The role of HSP90/Akt interaction with C5a/NF-κB in MP is under investigation. HSP90 protects cells from complement-dependent cytotoxicity, while inhibition of HSP90 enhances complement-induced cell death [40]. Moreover, activating the PI3K/Akt pathway attenuates the I/R-induced inflammation by inhibiting the complement [41,42]. Recently, it was shown that phosphorylated Akt negatively regulates NF-κB signaling to limit pro-inflammatory responses [43,44]. The role of the HSP90/Akt interaction with C5a/NF-κB in MP is unclear. In this study, we found that the MP-induced C5a/NF-κB inhibition was accompanied by enhanced HSP90 and p-Akt. Both the HSP90 inhibitor (GA) and Akt inhibitor (GSK) triggered C5a/NF-κB signaling and enhanced cardiomyocyte apoptosis. To the best of our knowledge, it is the first description of the interaction between HSP90/p-Akt and C5a/NF-κB in MP. Contrary to other reports [45], our study mainly explored whether HSP90 is involved in MP, underpinning the suppressing of the C5a and NF-κB signaling. Our results suggest a possible therapeutic target in MP, which provides a reference value for clinical guidance.

This study had some limitations. First, we only established a rat in vivo I/R model to explore the molecular mechanism of MP cardioprotection, and we did not further study or verify the clinical relevance of our experiments. Second, in this study, we used only the HSP90-specific inhibitor GA. However, the over or under-expression of HSP90 with the use of viral vectors can be applied to further explore its role in MP in future studies. Third, given that the components of the complement system are diverse, further research is needed to explore whether HSP90 regulates the myocardial inflammatory response through other complement components, including C1, C3 etc.
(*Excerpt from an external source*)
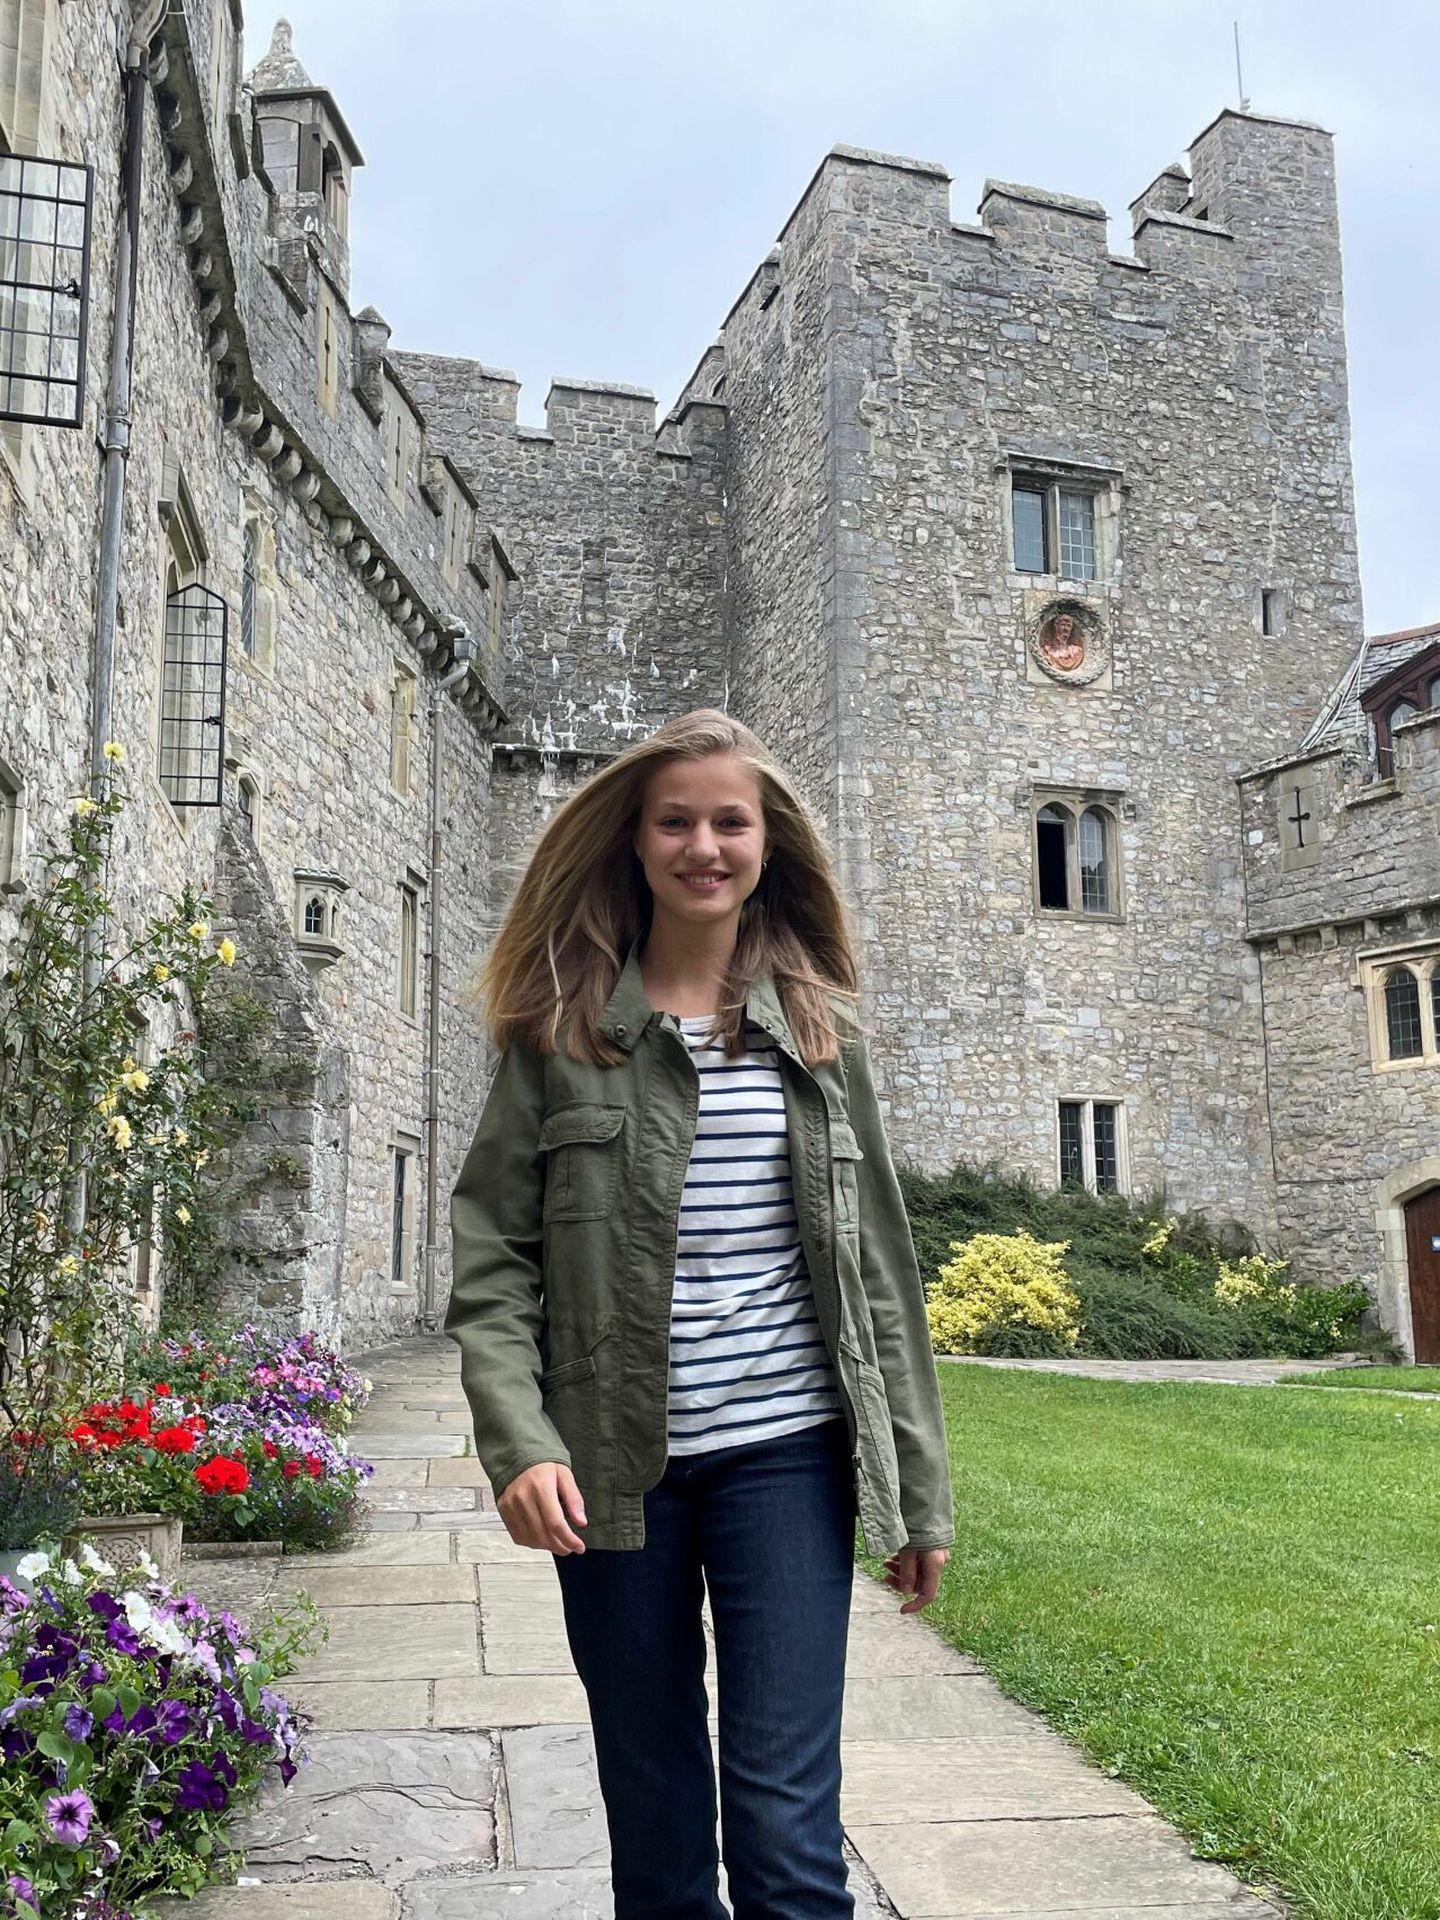 La princesa Leonor, a su llegada a Gales. (Casa de S. M. el Rey / EFE)
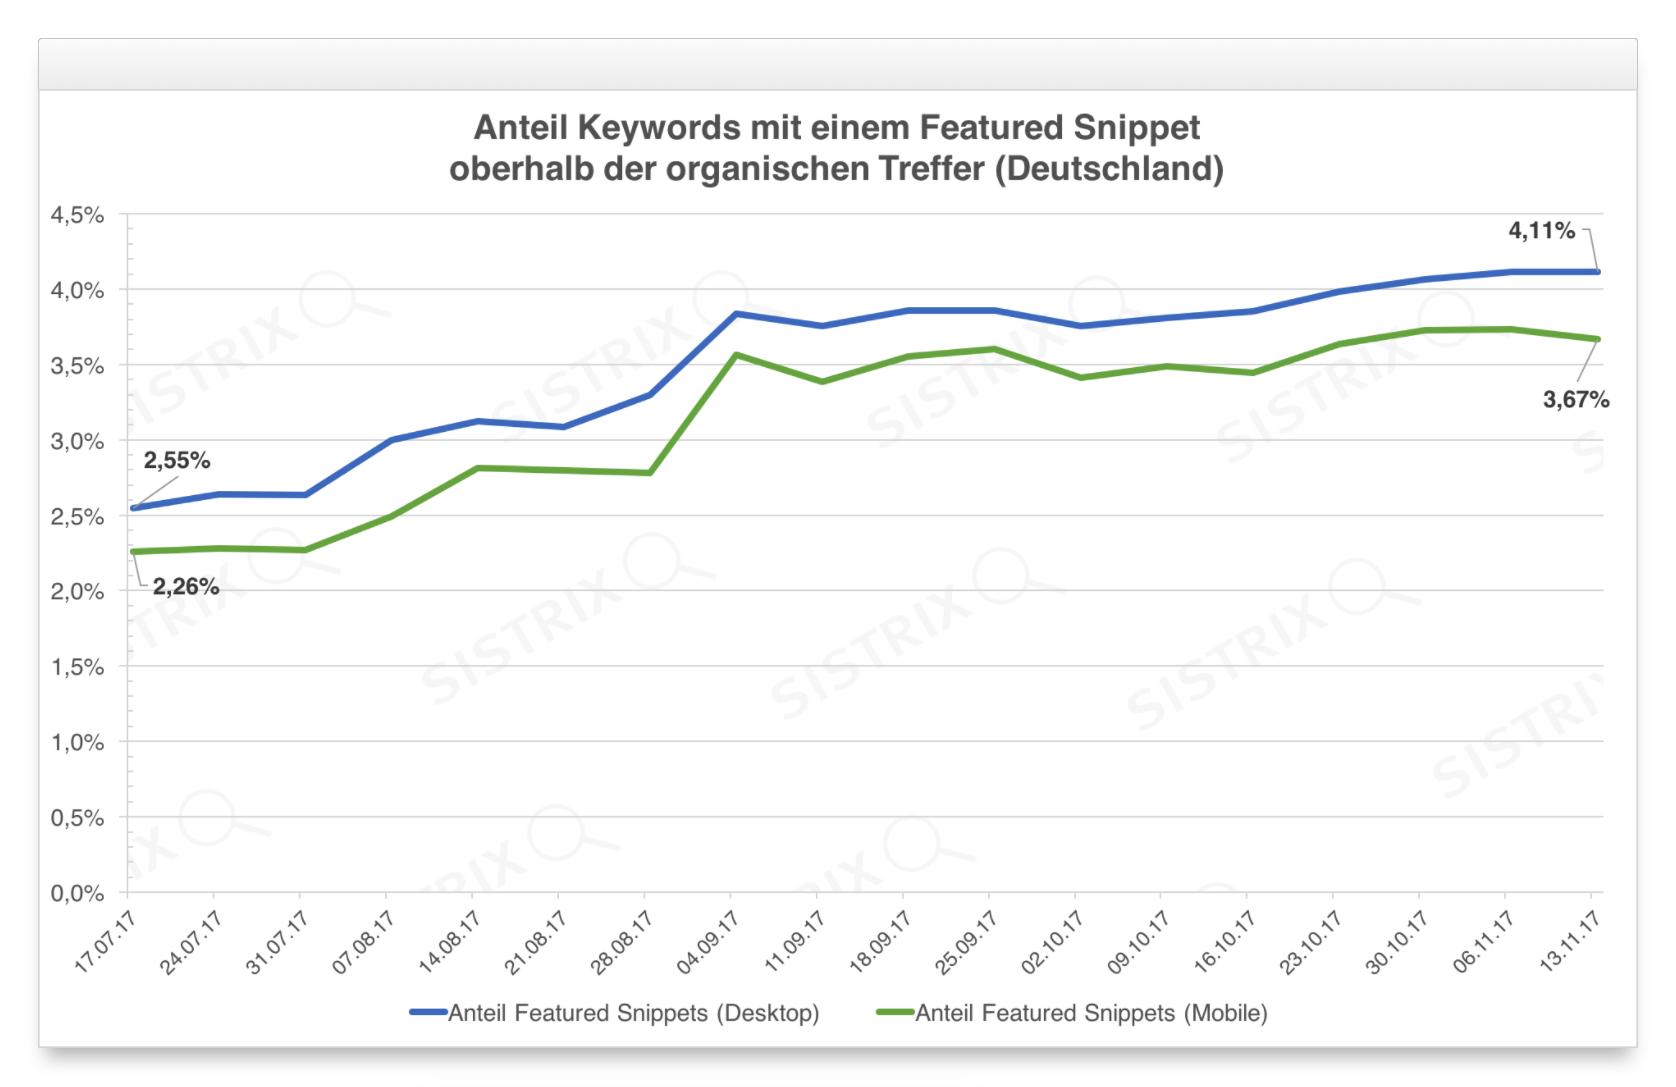 Es geht voran: Der Anteil der suchanfragen mit Featured Snippets wächst rasant. (Grafik: Sistrix)

Moreover, the detailed regulation mechanism of HSP90 over C5a still needs to be explored.

5. Conclusion

This study shows that HSP90 is critical for MP-mediated cardioprotection possibly by promoting phosphorylation of Akt and inhibiting activation of C5a and NF-κB signaling and subsequent myocardial inflammation, ultimately attenuating I/R-induced infarct size and cardiomyocyte apoptosis. Our results provide new insights for MP-mediated cardioprotection against I/R injury and may identify a potential therapeutic target.